Georgian President Mikheil Saakashvili has warned that any outbreak of armed conflict in South Ossetia could bring his country into direct confrontation with Russia.

    The Georgian position has become more militant

    The president stated on Monday that the "current crisis in South Ossetia is not a problem between Georgians and Ossetians. This is a problem between Georgia and Russia."

    Saakashvili went on to charge that "certain forces in Russia" are preparing for "aggression against Georgia," the website Civil Georgia reported.

    Calling on Putin to "restrain these forces", Saakashvili warned that any armed conflict in South Ossetia would not be a fight between Georgians and Ossetians, but would become "a serious problem between the two countries, Georgia and Russia."

    His statements mark a sharp departure from previous declarations that relations between Russia and Georgia had entered a "new stage" of understanding and cooperation.

    Preventing conflict

    As he boarded a flight to London, Saakashvili claimed that South Ossetian leader Eduard Kokoev and his Russian backers are planning to provoke a conflict.

    He referred to a recent air space violation on Saturday, when a Russian ME8 aircraft flew over the Georgian border from Chechnya, an action Saakashvili said he hoped was "an accident".

    The Georgian government has also charged that the Roki Tunnel, a roadway connecting the Russian autonomous republic of North Ossetia with South Ossetia, has been used to move military equipment into the disputed territory.

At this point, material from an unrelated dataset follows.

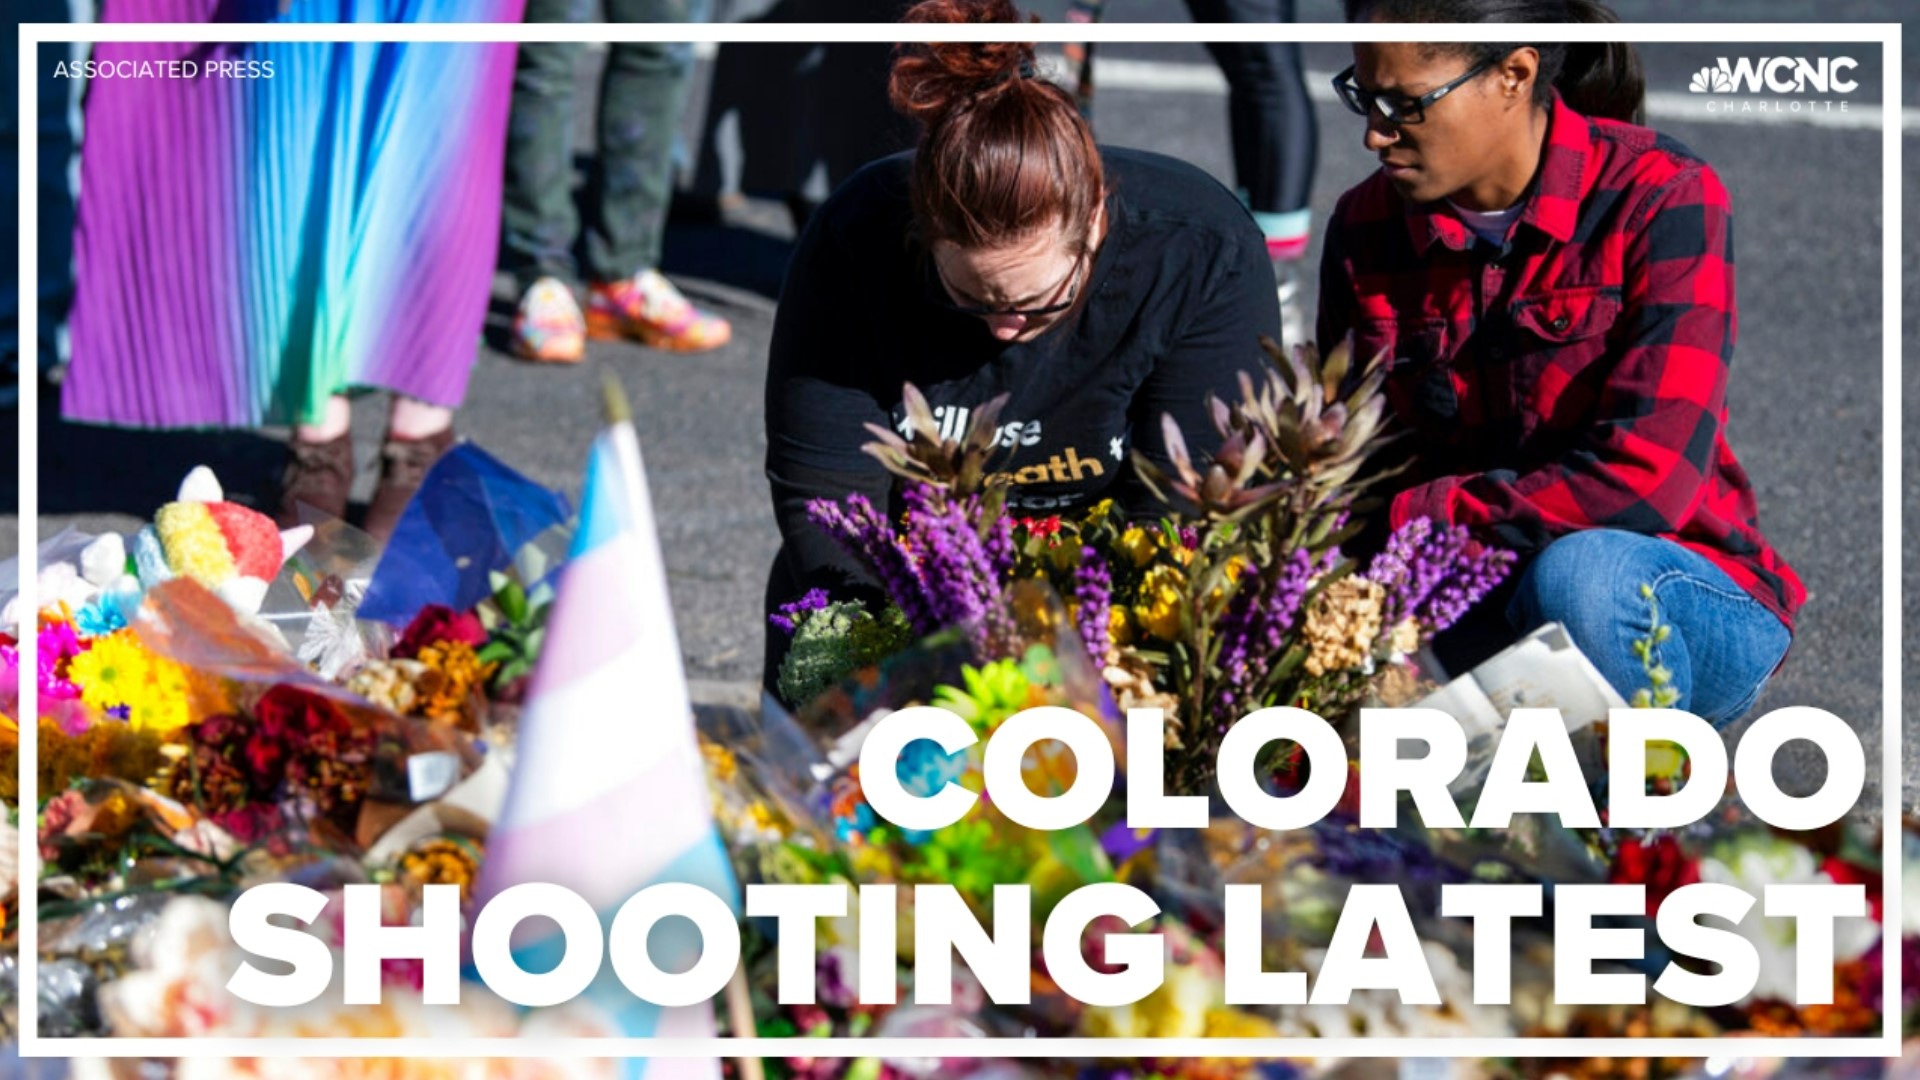 Five people were killed and 25 others were injured when a gunman opened fire at an LGBTQ+ club in Colorado Springs, Colorado, over the weekend, police said.

    In a 4 July interview with Interfax, Saakashvili declared that Georgia wants to establish a border checkpoint at the tunnel to take control of the travel route.

    Moscow reaction

    But Moscow disputes Tbilisi’s claims, and continues to maintain that Georgia alone is responsible for the crisis in South Ossetia.

    The "current crisis
    in South Ossetia is
    not a problem between Georgians and Ossetians. This is a problem between Georgia
    and Russia"

    Mikheil Saakashvili,
    Georgian president

    Speaking to reporters in the Russian capital on 11 July, Foreign Minister Sergei Lavrov charged that Georgia had "illegally brought into the conflict zone hundreds and thousands of armed forces who do not come under the peacekeepers' control," Interfax Russia reported.

    Lavrov put the number of these alleged armed forces at "up to 3000".

    Regional superpower

    On Saturday, a Russian Foreign Ministry statement claimed that the Joint Control Commission - the quadripartite body charged with preserving peace and security in South Ossetia - was also addressing the issue of "illegally deployed Georgian military units".

    It called on all parties to refrain from "setting up any posts in the conflict zone without the commission's agreement."


    Russia, Georgia, South Ossetia and North Ossetia all retain representatives on the commission.

    Lazrov went on to tell reporters that Russia would be justified in breaking up "illegal formations" in South Ossetia, an action that would no doubt be seen as a provocation by Tbilisi, which views South Ossetia as part of Georgian territory.

    However, at the conclusion of his 2-4 July summit with Vladimir Putin, Saakashvili told Interfax that the Kremlin had pledged not to interfere in the country’s "internal affairs".